Cerita ketoprak mengangkat wajah masyarakat tempo dahulu dengan kostum tradisional jawa. Dialog diucapkan dalam bahasa jawa namun kadang kala terdapat beberapa kalimat dalam bahasa Indonesia. Saya cukup paham karena mengerti bahasa jawa secara umum. Seting pangung cukup sederhana namun terdapat layar besar yang digunakan sebagai background. Walau sederhana namun dapat menampilkan suasana tempo dulu seperti pasar dan bangunan tempo dulu. 
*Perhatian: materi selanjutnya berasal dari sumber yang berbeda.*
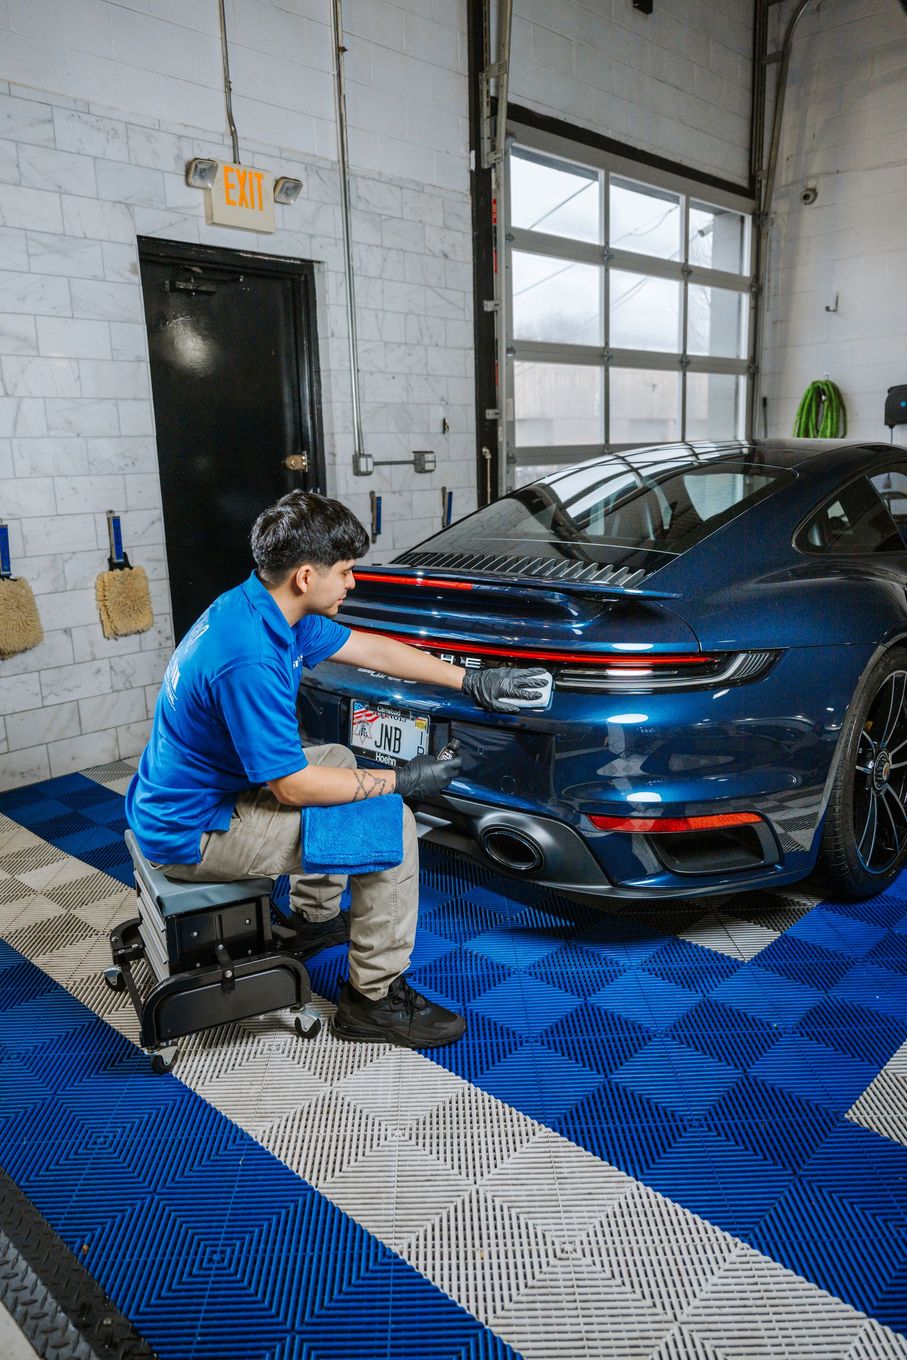 A man is sitting on a stool in front of a blue car in a garage.

Saya cukup menikmati ketoprak ini sebagai salah satu nostalgia masa kecil dahulu. Dahulu saya sering menonton Wayang Kulit pada saat tetangga mengadakan hajatan, namun sekarang telah bergeser menjadi hiburan lain yang lebih modern. Rasanya ingin sekali membuat ketoprak menjadi satu kemasan hiburan menarik di televisi. Semoga saja ketoprak dan kebudayaan lain dapat menjadi tonton yang ditunggu. Semoga bisa terwujud, amin.